Reklama
W poniedziałek około 20.00 policjanci ruchu drogowego patrolowali rejon Zbrosławic. W pewnym momencie zauważyli motorower, którego kierujący wyglądał, jak gdyby prowadził go pod wpływem alkoholu. Mając podejrzenia, że jest nietrzeźwy, mundurowi od razu włączyli sygnały świetlne i dźwiękowe, dając kierującemu wyraźny sygnał do zatrzymania się. Widząc, że policyjny patrol zamierza go skontrolować, mężczyzna przyspieszył i nie zamierzał się zatrzymać. Pościg przebiegał ulicami Zbrosławic do chwili, gdy kierujący skuterem wjechał w leśną ścieżkę.

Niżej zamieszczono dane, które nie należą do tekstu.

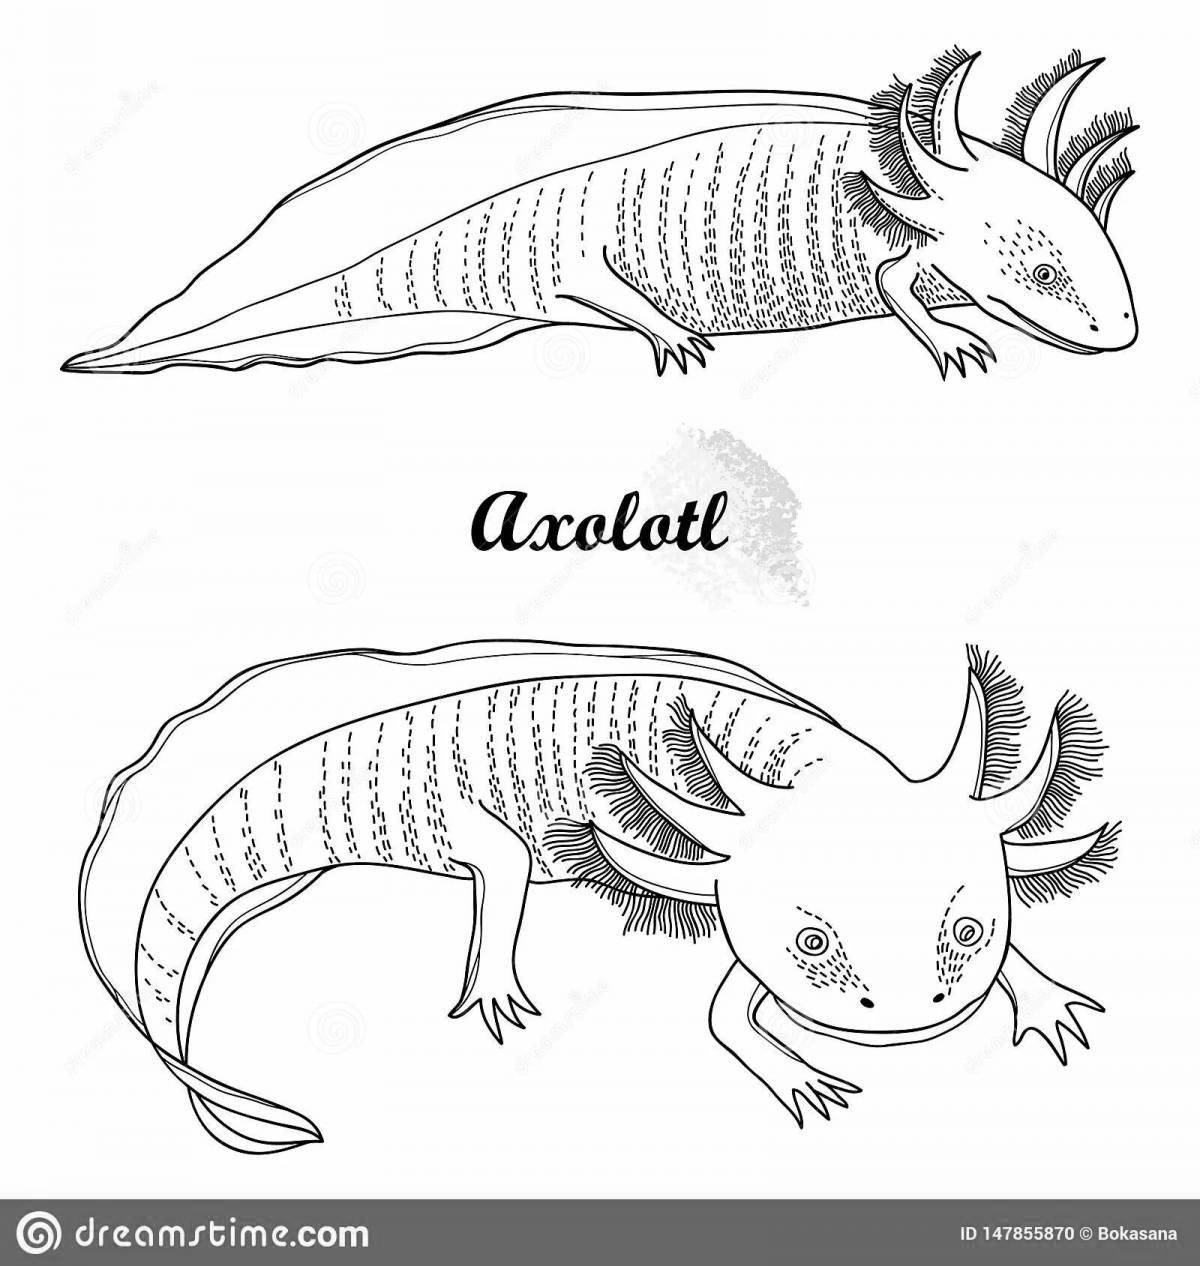 Fun axolotl coloring book for kids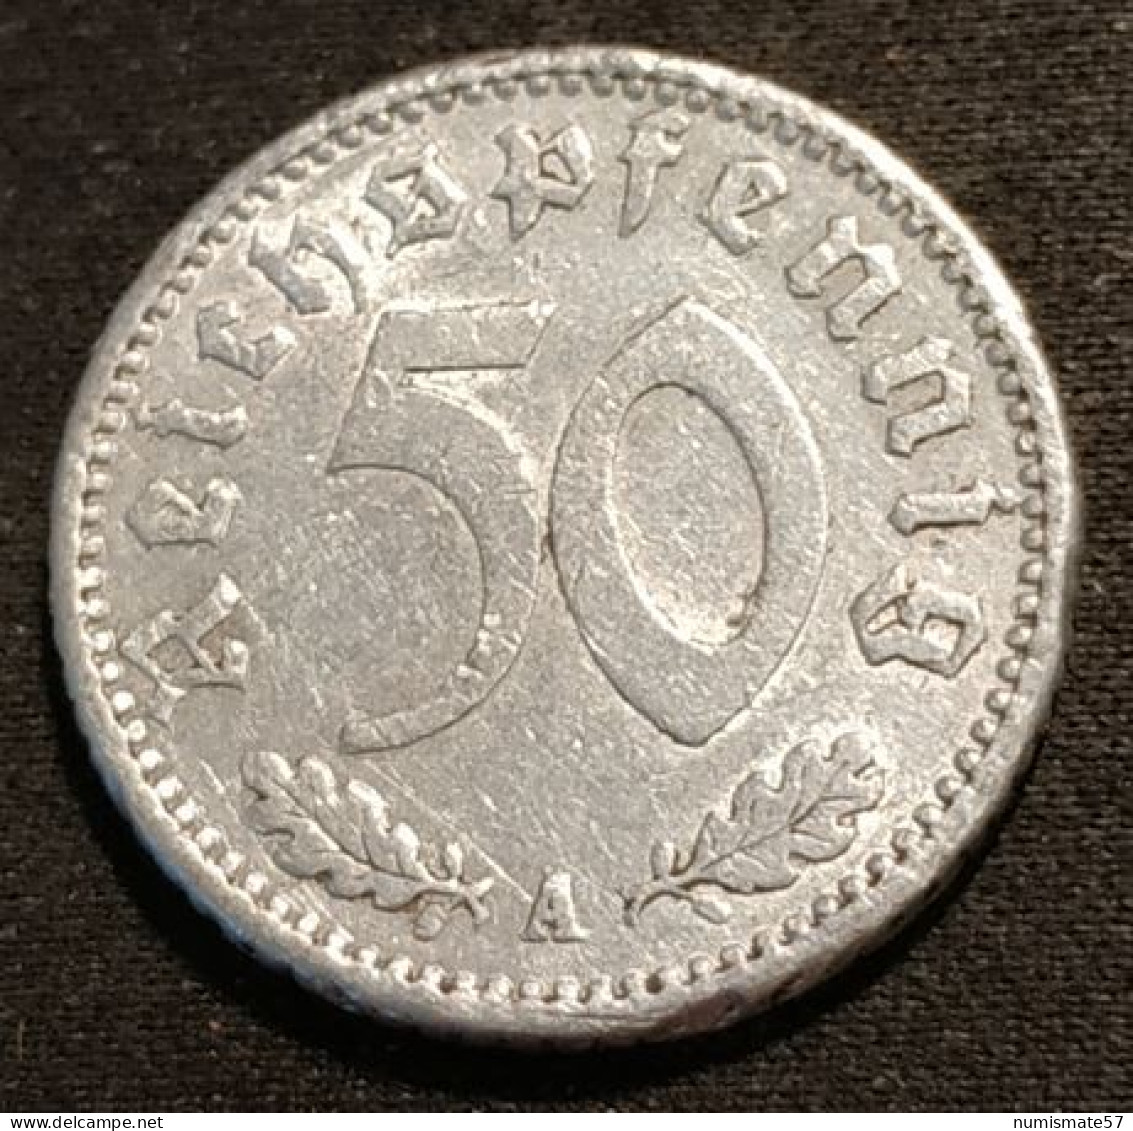 ALLEMAGNE - GERMANY - 50 Reichspfennig ( Pfennig ) 1943 D - Deutsches Reich - KM 96 - 50 Reichspfennig

Zapewne liczył, że wjeżdżając w wąską, leśną drogę, uda mu się zgubić policyjny pościg, jednak dalsze wydarzenia, zapewne wprawiły go w osłupienie. Policjanci, nie mając technicznej możliwości kontynuowania pościgu radiowozem, ruszyli pieszo za odjeżdżającym skuterem.
Dosłownie kilka chwil wystarczyło sierżantowi Arturowi Musikowi, aby uciekinier znalazł się w jego rękach. Po obezwładnieniu go, gdy był już w radiowozie, wyczuli od niego alkohol. Badanie alkomatem tylko potwierdziło ich przypuszczenia.